When employees suffer a constructive discharge, they can still collect deferred compensation even if they violate the noncompete and go right to work for a direct competitor.

Recent case: Schroder Capital paid Paul Morris an annual salary plus a year-end bonus, which was deferred compensation vested after three years.

Morris signed a noncompete, agreeing to forfeit the bonus if he quit and went to work for the competition. When Schroder cut the amount of investment capital Morris was responsible for from $7.5 billion to $1.5 billon, he quit and started a hedge fund. Schroder refused to pay the deferred bonuses, so Morris sued.

The court had to decide which test to use to define a constructive discharge. It chose the constructive-discharge rule used by federal courts in discrimination cases. That test requires the employer to create an environment so intolerable that the employee would have no choice but to quit.

Now, a lower court will decide if a change in portfolio responsibility meets that high standard. If it does, Morris receives the bonus.
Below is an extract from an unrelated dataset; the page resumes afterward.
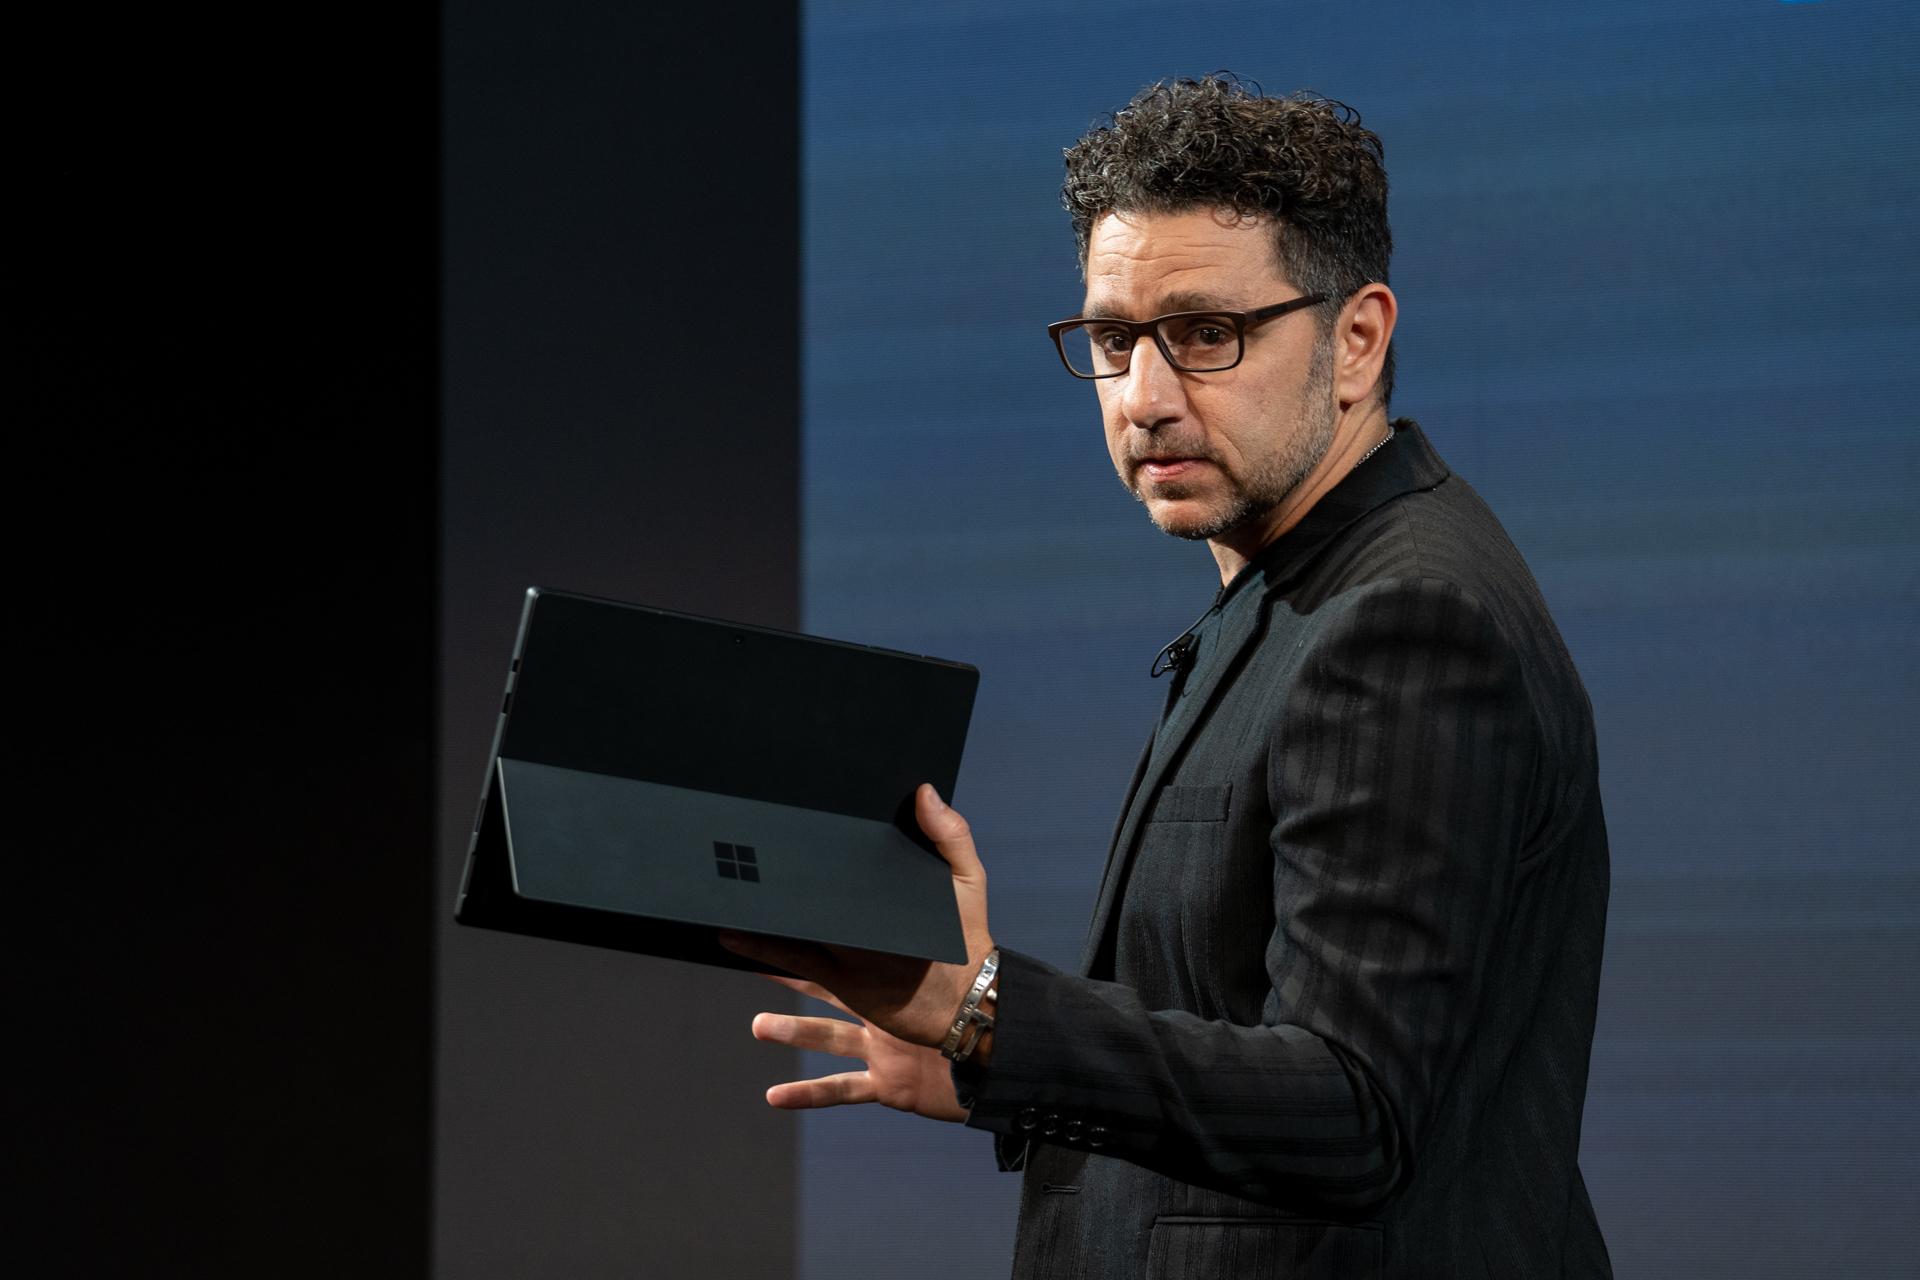 Microsoft'un Ürün Sorumlusu Panos Panay

If not, he forfeits it because he breached the noncompete provision of his employment contract. (Morris v. Schroder Capital Management, No. 137, Court of Appeals of New York, 2006)

Tip: This case makes it harder for New York employees to breach noncompete agreements and still collect deferred compensation. If you use noncompetes, now’s a good time to have a qualified attorney review them to ensure you take full advantage of the rule.